The return to exercise after having your baby can be quite daunting. There’s a lot of conflicting advice out there! There’s also some misconception about being cleared for exercise at the 6-8 week GP check. Many women do absolutely nothing prior to this point, and then assume that after their check they’re good to go. This is not always the case, and I think it’s important for women to understand that you can begin restorative work long before your check-up, and going from 0-100 afterwards can do more harm than good. So where do you start?
My suggested return to exercise looks something like this:
Breath work => Pelvic floor => Walking => Mobilisations => Soft tissue work => Low impact strength work => Increased intensity and impact.
Prior to starting any formal exercise you need to take time to reconnect with your core. This essentially sets the foundation for more intense exercise later on. Gentle pelvic floor and breathing exercises* are a good place to start and can be done from early days post birth.
Walking is also excellent for mind and body; mum and baby. In the first few weeks, if you notice increased bleeding or heaviness in your pelvic floor following a walk, it’s usually a sign that you’ve overdone it, so take a couple of days rest and try a shorter route next time.
The value of mobility work* in the early postnatal period is sadly often overlooked. Taking a couple of minutes daily simply to release out those common aches and pains can make a huge difference to the quality of your movement, and enable you to resume exercise with less chance of injury.
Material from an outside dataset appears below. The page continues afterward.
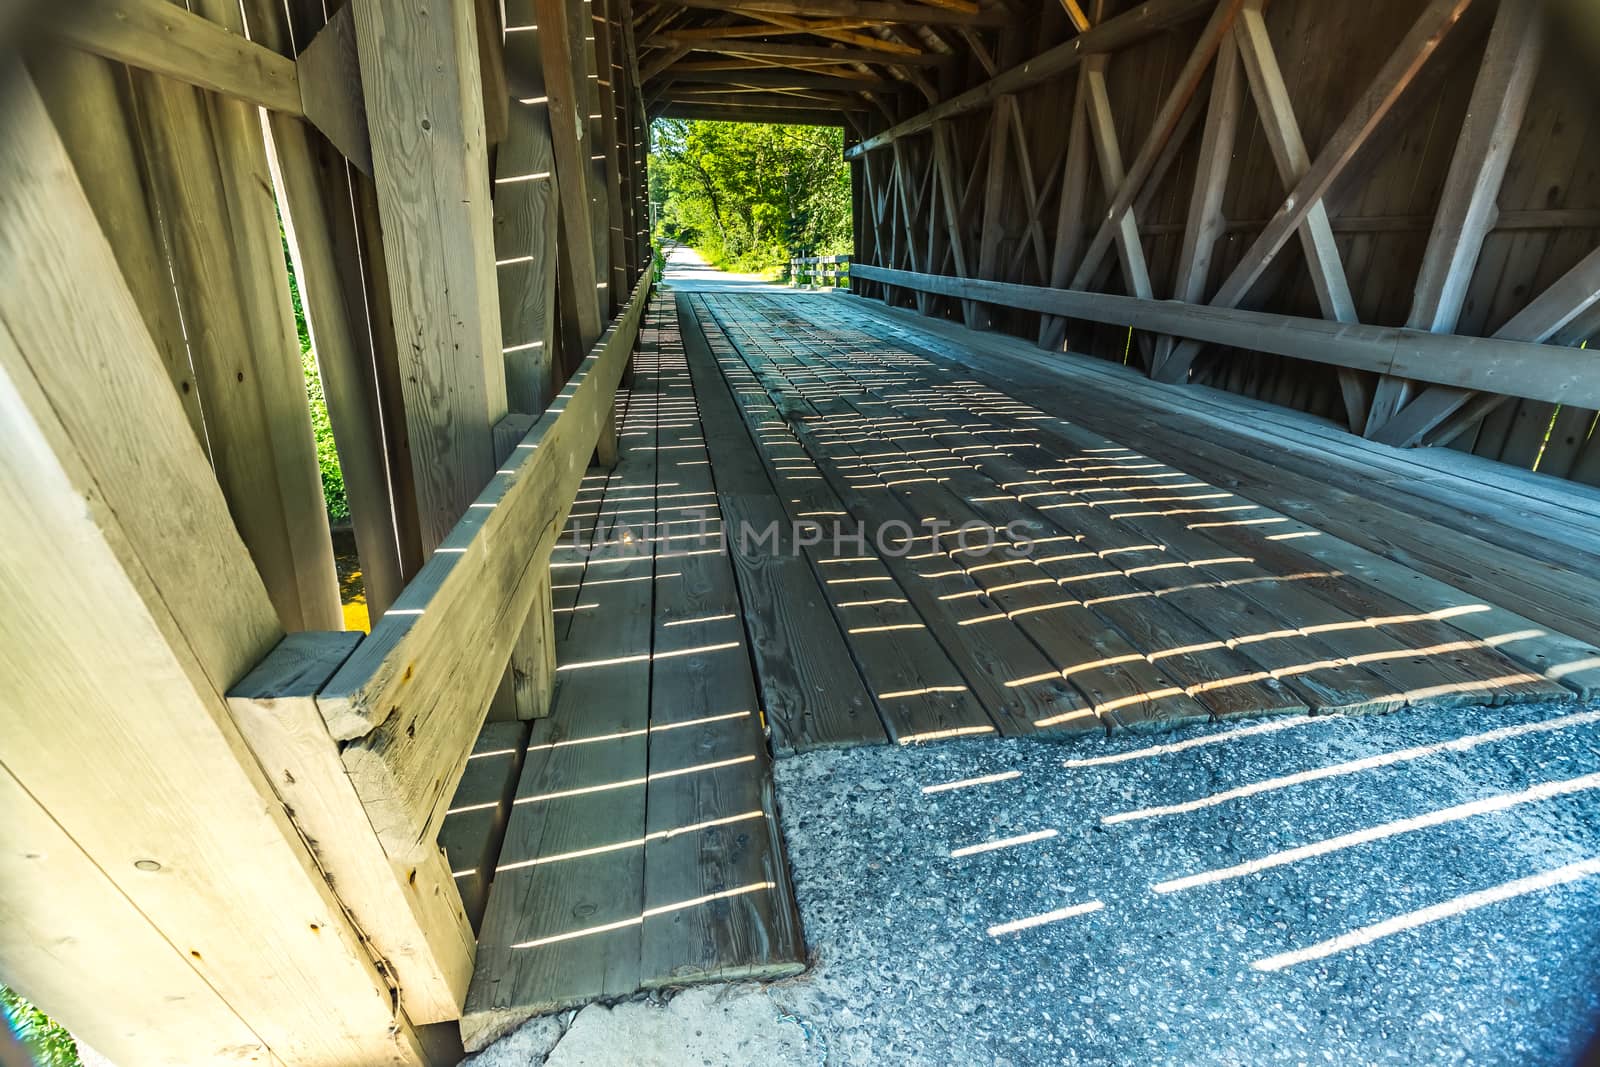 The Bement Covered Bridge, a long truss bridge, is a historic wooden covered bridge on Center Road over the Warner River in Bradford, New Hampshire.

In addition to gentle stretches, proper attention to soft tissue is a must. There are things you can do at home like foam rolling, but if you’re able to get away for an hour, treat yourself to a postnatal massage to work on those problem areas. Any time after your GP check – no matter how postnatal you are – I’d highly recommend booking a Mummy MOT with a women’s health physio. Dr Kathryn Levy at Cambridge Health Clinic can assess your tummy, pelvis and pelvic floor and advise on any areas that need particular focus.
Once all the basics have been addressed, you can start on some resistance work, with a focus on strengthening the muscles that are often weaker post-pregnancy: Namely the muscles in the posterior chain, especially glutes and upper back. Bodyweight exercises are the best place to start, and then you can add in resistance with a band and progress to weights. I always place a lot of emphasis on glutes (bum muscles) as they play an important role in stabilising the pelvis. A strong bum means less back pain! Think bridges, squats, deadlifts, and lots of single leg work. These moves form a big part of my postnatal Tummy Time class.
In most cases I advise against anything high impact (running, jumping etc) or ab exercises (such as crunches, sit-ups, planks) during the first several months, as these activities can put a lot of extra pressure on the pelvic floor and can cause or worsen a diastasis (separation of the abdominal muscles). But once the ground work has been laid, you can start to return to your former workouts. When recommencing anything more strenuous e.g. running, plyometric work, heavy lifting, it’s vital that you start small and then see how your body feels during and after. If there is no pain, nor worsening of symptoms (such as leaking) then you can continue to increase your intensity gradually. It can be frustrating taking things slowly at first, but it pays off in the long run. And of course every body is different.
*Refer to the Healthy Happy Mummies playlist on my YouTube channel (Lovefittraining) for videos on breathing, pelvic floor, and mobility.